Por isso o magistério da Igreja não proíbe que nas investigações e disputas entre homens doutos de ambos os campos se trate da doutrina do evolucionismo, que busca a origem do corpo humano em matéria viva preexistente (pois a fé nos obriga a reter que as almas são diretamente criadas por Deus), segundo o estágio atual das ciências humanas e da sagrada teologia, de modo que as razões de uma e outra opinião, isto é, dos que defendem ou impugnam tal doutrina, sejam ponderadas e julgadas com a devida gravidade, moderação e comedimento, contanto que todos estejam dispostos a obedecer ao ditame da Igreja, a quem Cristo conferiu o encargo de interpretar autenticamente as Sagradas Escrituras e de defender os dogmas da fé. Porém, certas pessoas, ultrapassam com temerária audácia essa liberdade de discussão, agindo como se a própria origem do corpo humano a partir de matéria viva preexistente fosse já certa e absolutamente demonstrada pelos indícios até agora achados e pelos raciocínios neles baseados, e como se nada houvesse nas fontes da revelação que exigisse a máxima moderação e cautela nessa matéria.

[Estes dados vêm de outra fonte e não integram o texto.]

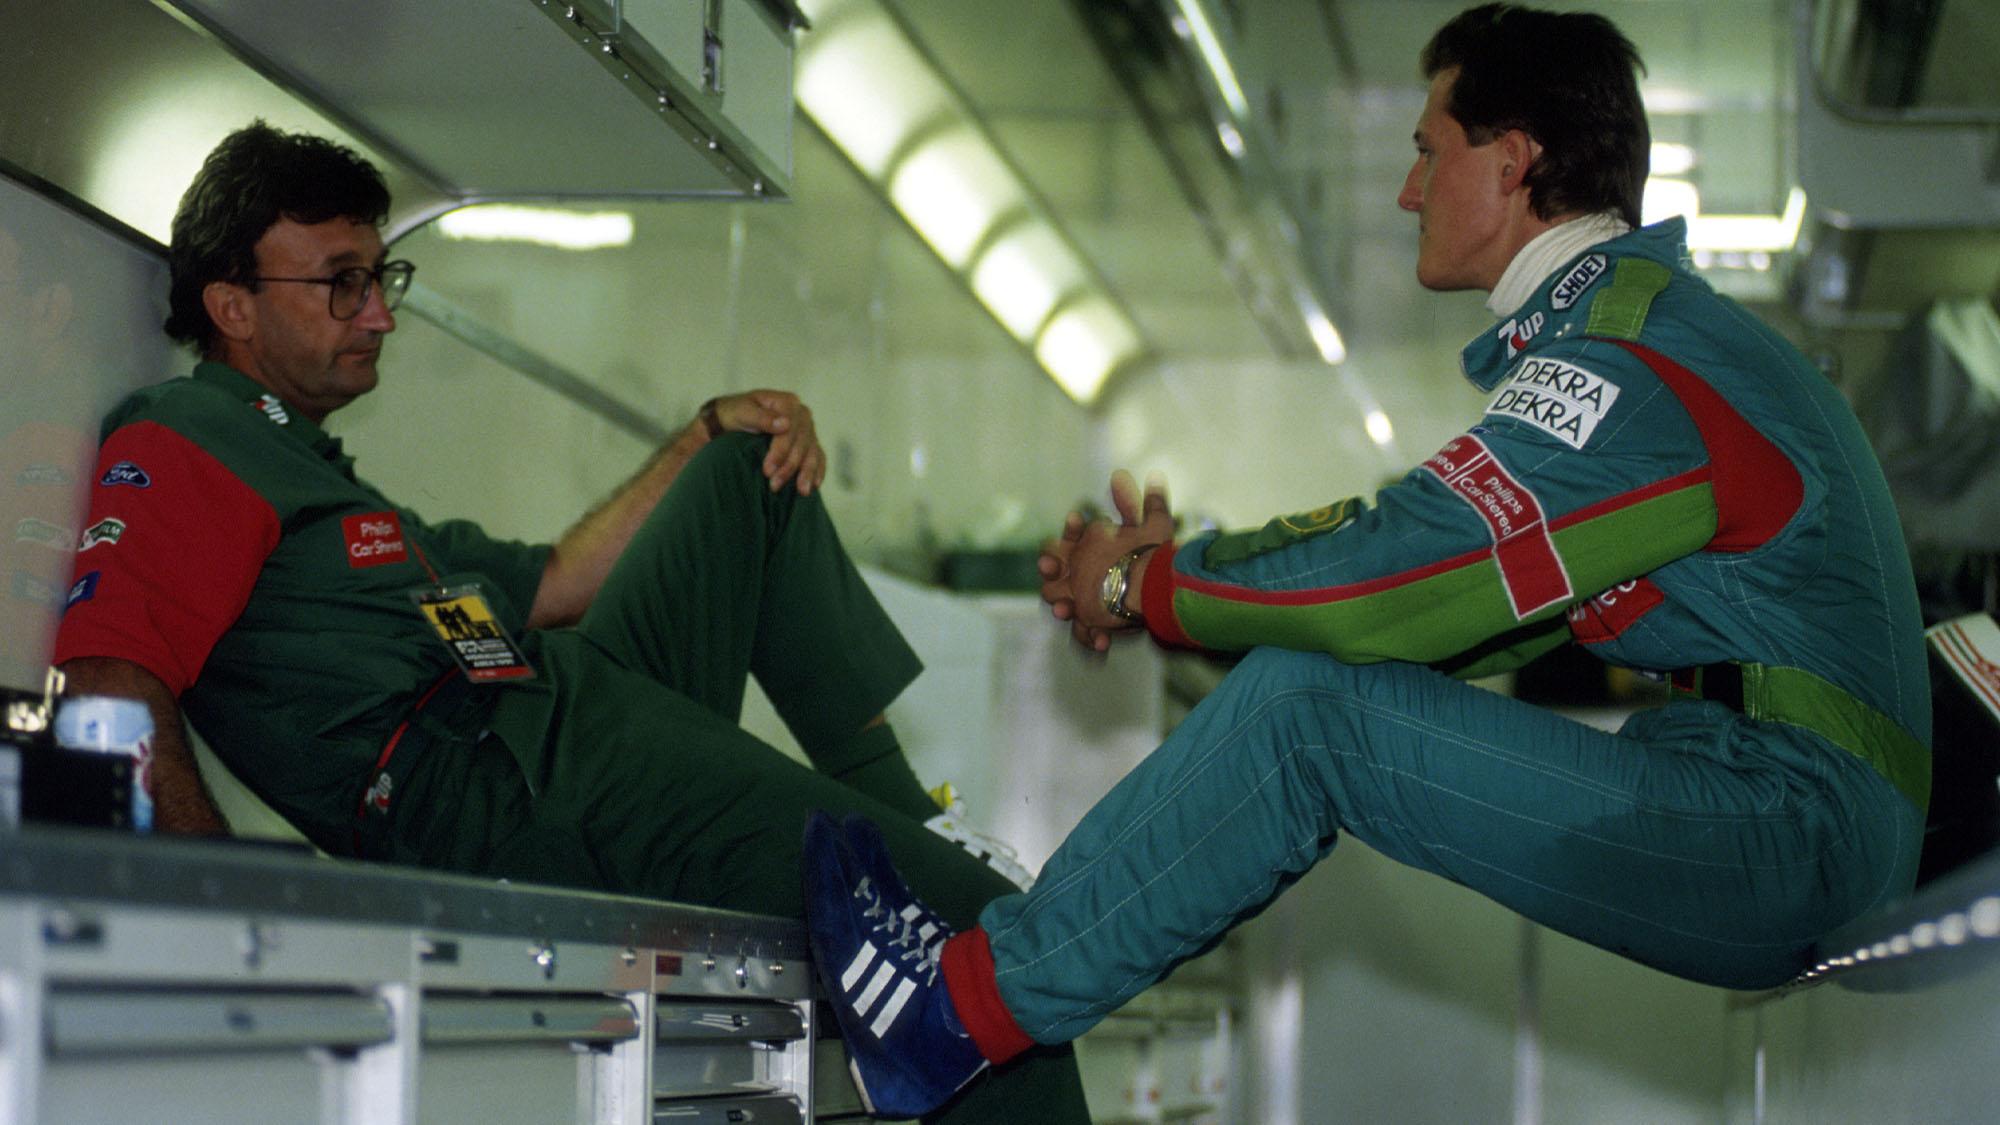 Formel 1, Grand Prix Belgien 1991, Spa-Francorchamps, 25.08.1991 Jordan-LKW Eddie Jordan Michael Schumacher www.hoch-zwei.net , copyright: HOCH ZWEI / Ronco (Photo by Hoch Zwei/Corbis via Getty Images)

Mas, tratando-se de outra hipótese, isto é, a do poligenismo, os filhos da Igreja não gozam da mesma liberdade, pois os fiéis cristãos não podem abraçar a teoria de que depois de Adão tenha havido na terra verdadeiros homens não procedentes do mesmo protoparente por geração natural, ou, ainda, que Adão signifique o conjunto dos primeiros pais; já que não se vê claro de que modo tal afirmação pode harmonizar-se com o que as fontes da verdade revelada e os documentos do magistério da Igreja ensinam acerca do pecado original, que procede do pecado verdadeiramente cometido por um só Adão e que, transmitindo-se a todos os homens pela geração, é próprio de cada um deles.( cf Rm 5,12-19).
Da mesma forma que nas ciências biológicas e antropológicas, há alguns que também nas históricas ultrapassam audazmente os limites e cautelas estabelecidos pela Igreja. De modo particular, é deplorável a maneira extraordinariamente livre de interpretar os livros históricos do Antigo Testamento. Os fautores dessa tendência, para defender a sua causa, invocam indevidamente a carta que há não muito tempo a Comissão Pontifícia para os estudos bíblicos enviou ao arcebispo de Paris.Essa carta adverte claramente que os onze primeiros capítulos do Gênesis, embora não concordem propriamente com o método histórico usado pelos exímios historiadores greco-latinos e modernos, não obstante, pertencem ao gênero histórico em sentido verdadeiro, que os exegetas hão de investigar e precisar; e que os mesmos capítulos, com estilo singelo e figurado, acomodado à mente do povo pouco culto, contêm as verdades principais e fundamentais em que se apóia a nossa própria salvação, bem como uma descrição popular da origem do gênero humano e do povo escolhido. Mas, se os antigos hagiógrafos tomaram alguma coisa das tradições populares (o que se pode certamente conceder), nunca se deve esquecer que eles assim agiram ajudados pelo sopro da divina inspiração, a qual os tornava imunes de todo erro ao escolher e julgar aqueles documentos.
Todavia, o que se inseriu na Sagrada Escritura tirado das narrações populares, de modo algum deve comparar-se com as mitologias e outras narrações de tal gênero, as quais procedem mais de uma ilimitada imaginação do que daquele amor à simplicidade e à verdade que tanto resplandece nos livros do Antigo Testamento, a tal ponto que os nossos hagiógrafos devem ser tidos neste particular como claramente superiores aos antigos escritores profanos.”
6. Como todos podem ver, a linguagem da Humani generis é muito equilibrada.
Pede a todos (evolucionistas e criacionistas) que as razões que trazem não sejam preconcebidas, mas “ponderadas e julgadas com a seriedade necessária, moderação e medida necessárias”.
Somente a verdade conquista e satisfaz a mente.
Desejo-te felicidades, lembro-te ao Senhor e te abençoo.